Are there single "real issues" with systems this large? There are issues being created constantly (say, unwraps where there shouldn't be, assumptions about the consumers of the database schema) that only become apparent when they line up.


I don't know too much about how the feature file distribution works but in the event of failure to read a new file, wouldn't logging the failure and sticking with the previous version of the file be preferable?


That's exactly the point (ie just prior to distribution) where a simple sanity check should have been run and the config replacement/update pipeline stopped on failure. When they introduced the 200 entry limit memory optimised feature loader it should have been a no-brainer to insert that sanity check in the config production pipeline.


Or even truncating the features to their limit and alerting through logs that there is likely performance degradation in their Bot Management.

I'm really confused how so many people are finding it acceptable to bring down your entire reverse-proxy because the length of feature sets for the ML model in one of your components was longer than expected.


One feature failing like this should probably log the error and fail closed. It shouldn't take down everything else in your big proxy that sits in front of your entire business.


Yea, Rust is safe but it’s not magic. However Nginx doesn’t panic on malformed config. It exits with hopefully a helpful error code and message. The question is then could the cloudflare code have exited cleanly in a way that made recovery easier instead of just straight panicking.


Would expect with a message meet that criteria of exiting with a more helpful error message? From the postmortem it seems to me like they just didn’t know it even was panicing


> However Nginx doesn’t panic on malformed config. It exits with hopefully a helpful error code and message.

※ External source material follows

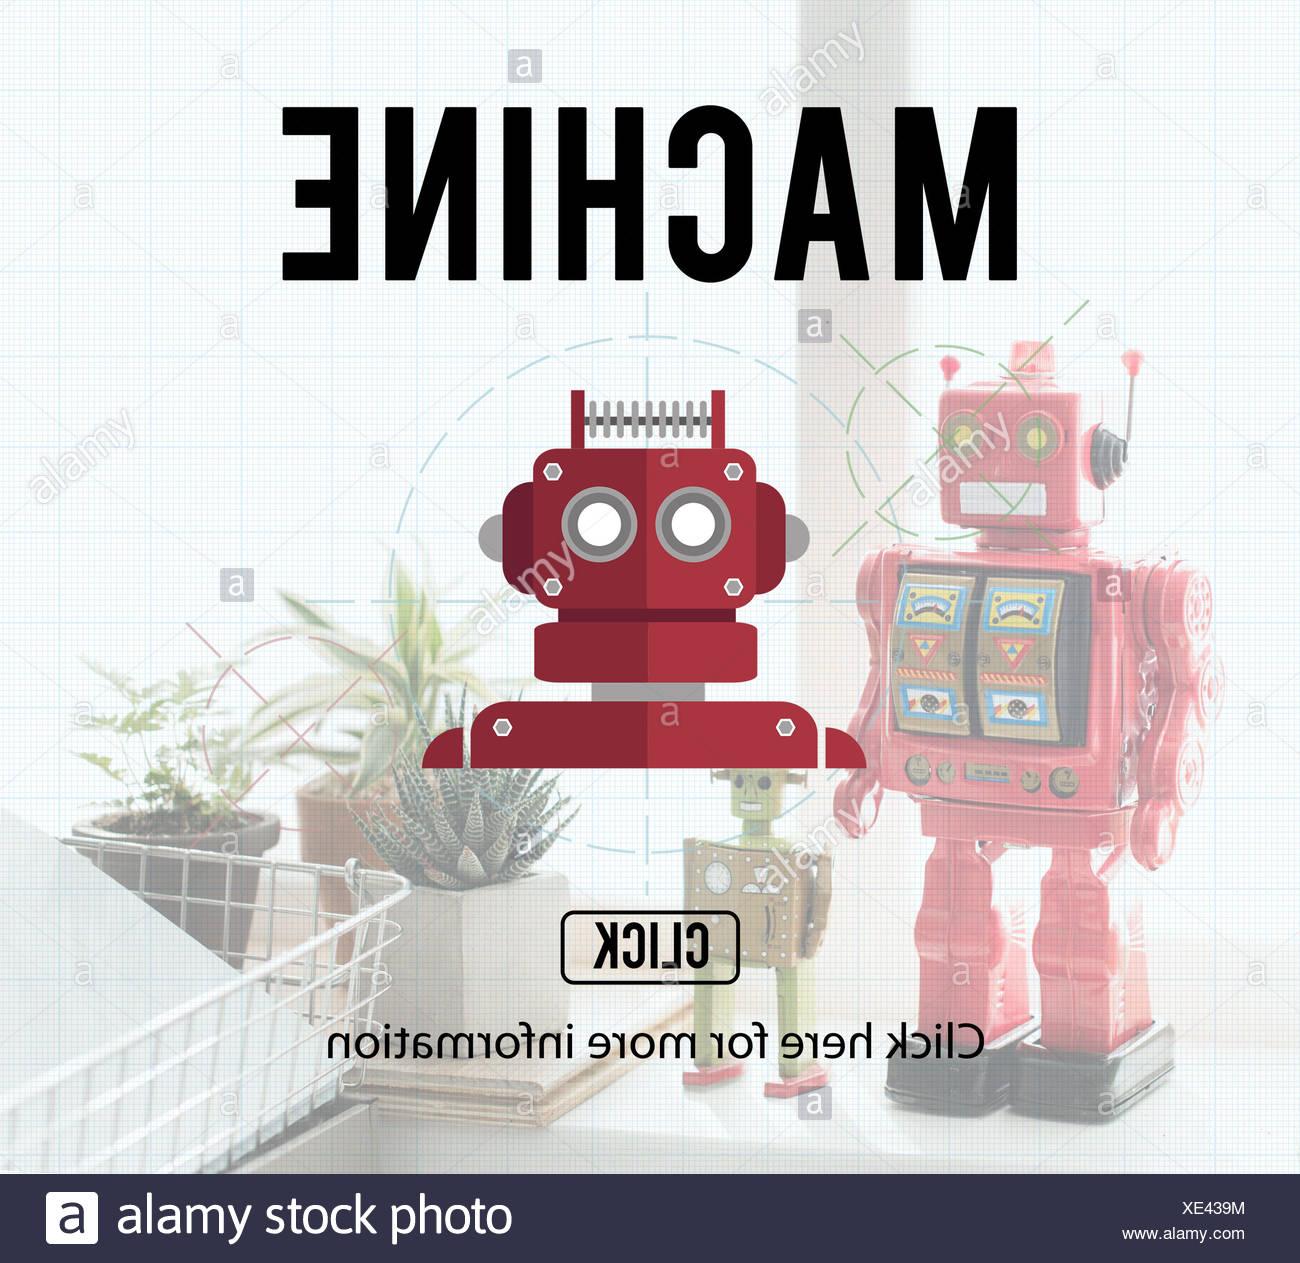 Robot Cyborg Ai Robotics Android Concept Stock Photo 284061504 Alamy

The thing I dislike most about Nginx is that if you are using it as a reverse proxy for like 20 containers and one of them is up, the whole web server will refuse to start up:

  nginx: [emerg] host not found in upstream "my-app"
Obviously making 19 sites also unavailable just because one of them is caught in a crash loop isn't ideal. There is a workaround involving specifying variables, like so (non-Kubernetes example, regular Nginx web server running in a container, talking to other containers over an internal network, like Docker Compose or Docker Swarm):

  location / {
      resolver 127.0.0.11 valid=30s; # Docker DNS
      set $proxy_server my-app;
      proxy_pass http://$proxy_server:8080/;
      proxy_redirect default;
  }
Sadly, if you try to use that approach, then you just get:

  nginx: [emerg] "proxy_redirect default" cannot be used with "proxy_pass" directive with variables
Sadly, switching the redirect configuration away from the default makes some apps go into a redirect loop and fail to load: mostly legacy ones, where Firefox shows something along the lines of "The page isn't redirecting properly". It sucks especially badly if you can't change the software that you just need to run and suddenly your whole Nginx setup is brittle. Apache2 and Caddy don't have such an issue.

That's to say that all software out there has some really annoying failure modes, even is Nginx is pretty cool otherwise.


Exactly! Sometimes exploding is simply the least bad option, and is an entirely sensible approach.


In this case it definitely wasn’t the least bad option though.


Falling back to a generic base configuration in the presence of an incoming invalid config file would probably be a sensible thing to do.